Question

When circuit boards used in the manufacture of compact disc players are tested, the long-run percentage of defectives is 5%. Let X = the number of defective boards in a random sample of size, n = 25, so X∼Bin(25,0.05).

Required:
a. Determine P(X=3).
b. Determine P(X≤3).
c. Determine P(X≥4).
d. Determine P(1≤X≤3)..
e. What is the probability that none of the 25 boards is defective?
f.

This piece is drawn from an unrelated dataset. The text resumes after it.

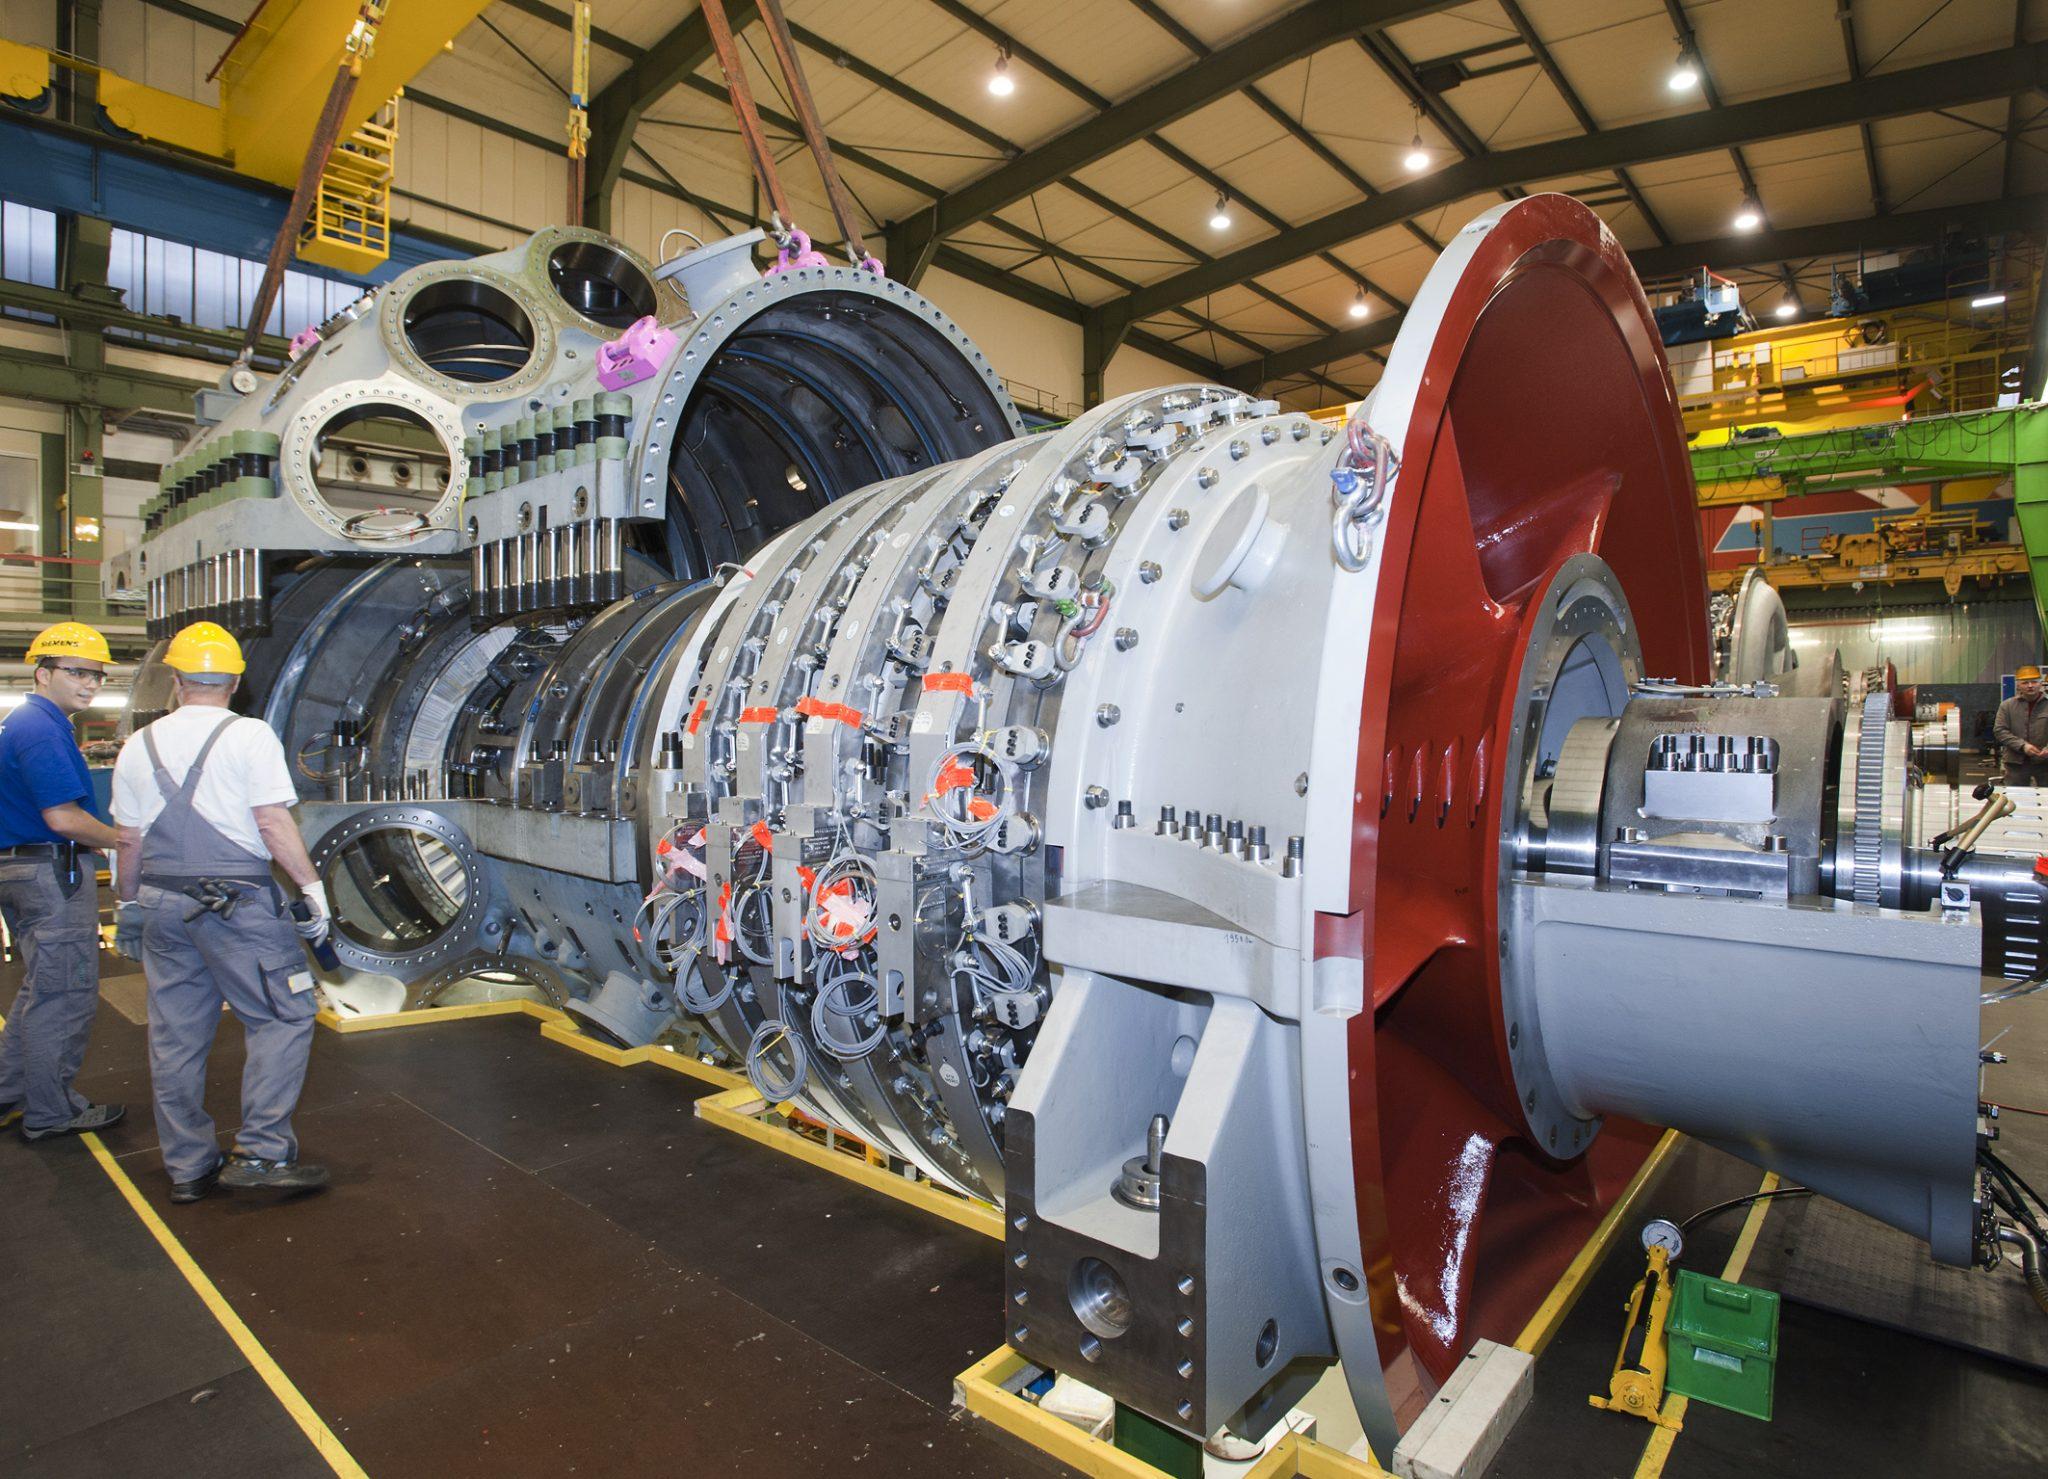 تعویض توربین گاز زیمنس در نیروگاه مک ویلیامز

Calculate the expected value and standard deviation of X.

Answer 1

(a) P(X=3) = 0.093

(b) P(X≤3) = 0.966

(c) P(X≥4) = 0.034

(d) P(1≤X≤3) = 0.688

(e) The probability that none of the 25 boards is defective is 0.277.

(f) The expected value and standard deviation of X is 1.25 and 1.089 respectively.

Explanation:

We are given that when circuit boards used in the manufacture of compact disc players are tested, the long-run percentage of defectives is 5%.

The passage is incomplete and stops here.